Search for "SCART to USB" on eBay or Amazon, and I ended up with something like this. This is going back to 2008, and even back then, Windows didn't need a driver because it found it straight away.

Then download OBS. This is a freebie desktop recording software which is popular with video game streamers. You can capture desktop, an individual window, full screen games, webcams, microphones, capture cards including HDMI e.g. consoles, scan converters e.g. for my BBC Micro, and of course the SCART-to-USB also counts as a capture card.

Press play on the VHS recorder and hit record on OBS. When saving the file, you ideally want it as MP4 because that can be opened anywhere. Depending on your settings, it will take up around 1GB per every 30 minutes of video.

Edit: I just realised what I linked didn't have the SCART bit. If you have that bit already then great. If not, then you'll need to buy a SCART to composite / RGB adapter with the black and white/yellow/red inputs then you're set.
 
Soldato
Joined
9 Jul 2003
Posts
9,595
This.

Search for "SCART to USB" on eBay or Amazon, and I ended up with something like this. This is going back to 2008, and even back then, Windows didn't need a driver because it found it straight away.

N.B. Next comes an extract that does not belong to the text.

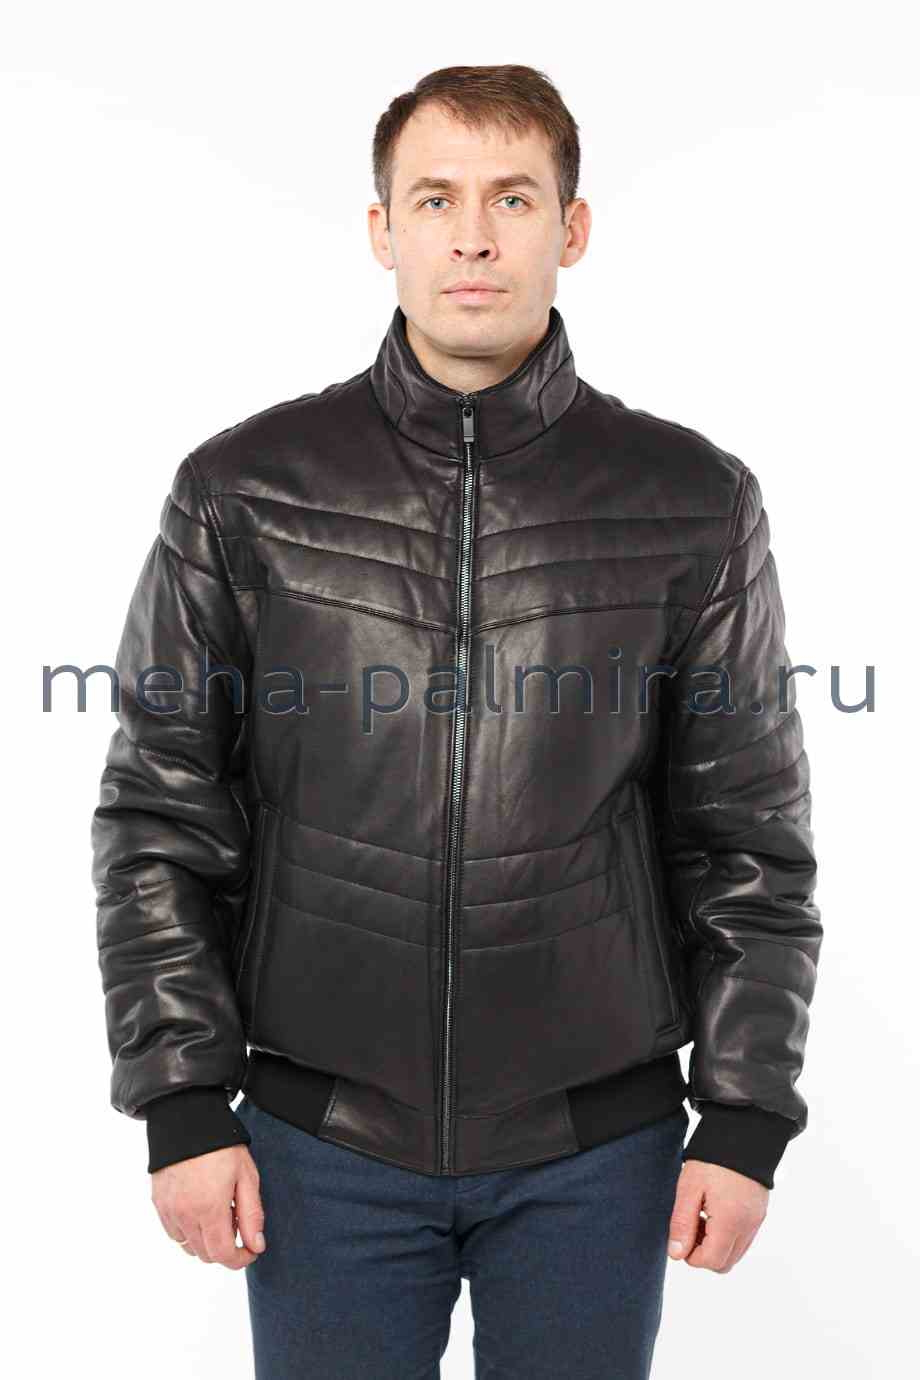 Утеплённая мужская кожаная куртка
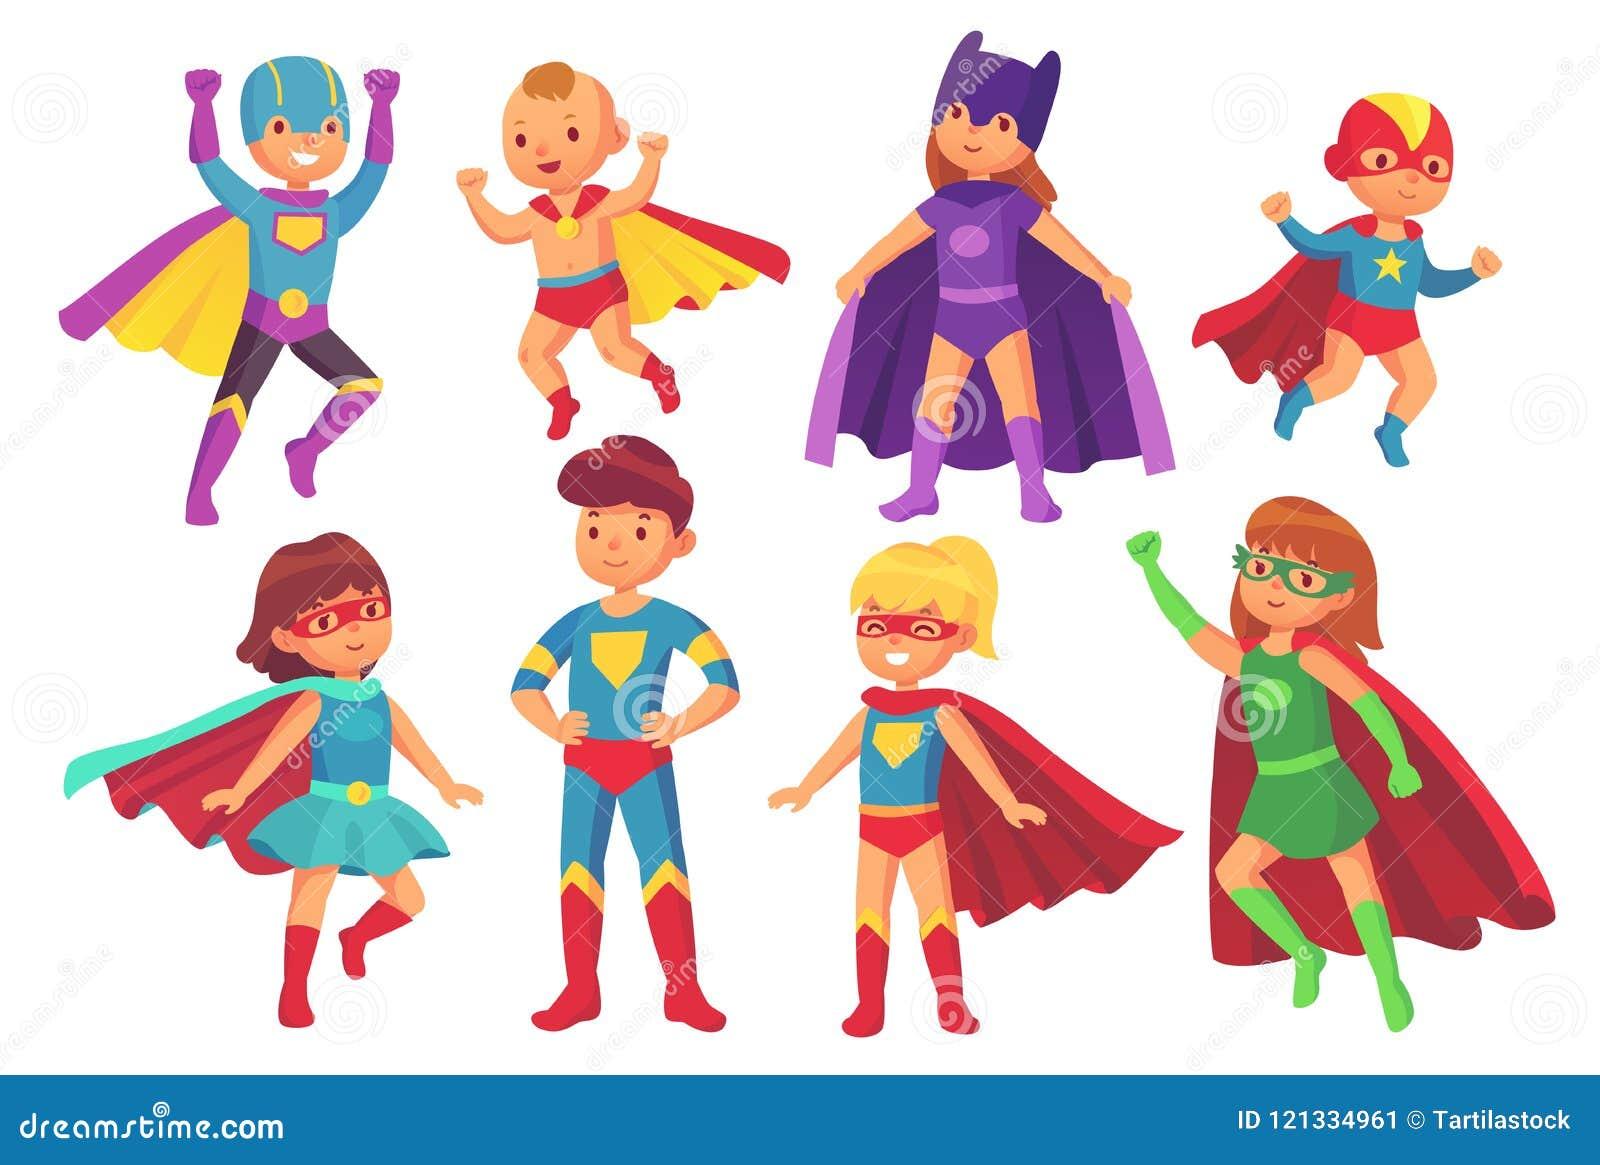 El super héroe de la historieta embroma caracteres Traje del superhéroe del niño que lleva alegre con la máscara y la capa Super

Then download OBS. This is a freebie desktop recording software which is popular with video game streamers. You can capture desktop, an individual window, full screen games, webcams, microphones, capture cards including HDMI e.g. consoles, scan converters e.g. for my BBC Micro, and of course the SCART-to-USB also counts as a capture card.

Press play on the VHS recorder and hit record on OBS. When saving the file, you ideally want it as MP4 because that can be opened anywhere. Depending on your settings, it will take up around 1GB per every 30 minutes of video.

Edit: I just realised what I linked didn't have the SCART bit. If you have that bit already then great. If not, then you'll need to buy a SCART to composite / RGB adapter with the black and white/yellow/red inputs then you're set.

Interesting, will have a look at that OBS software as the one that came with my capture card only records to AVI so you end up with 30GB+ files that then need to be converted.

Do you know if it deinterlaces the video when you capture in MP4?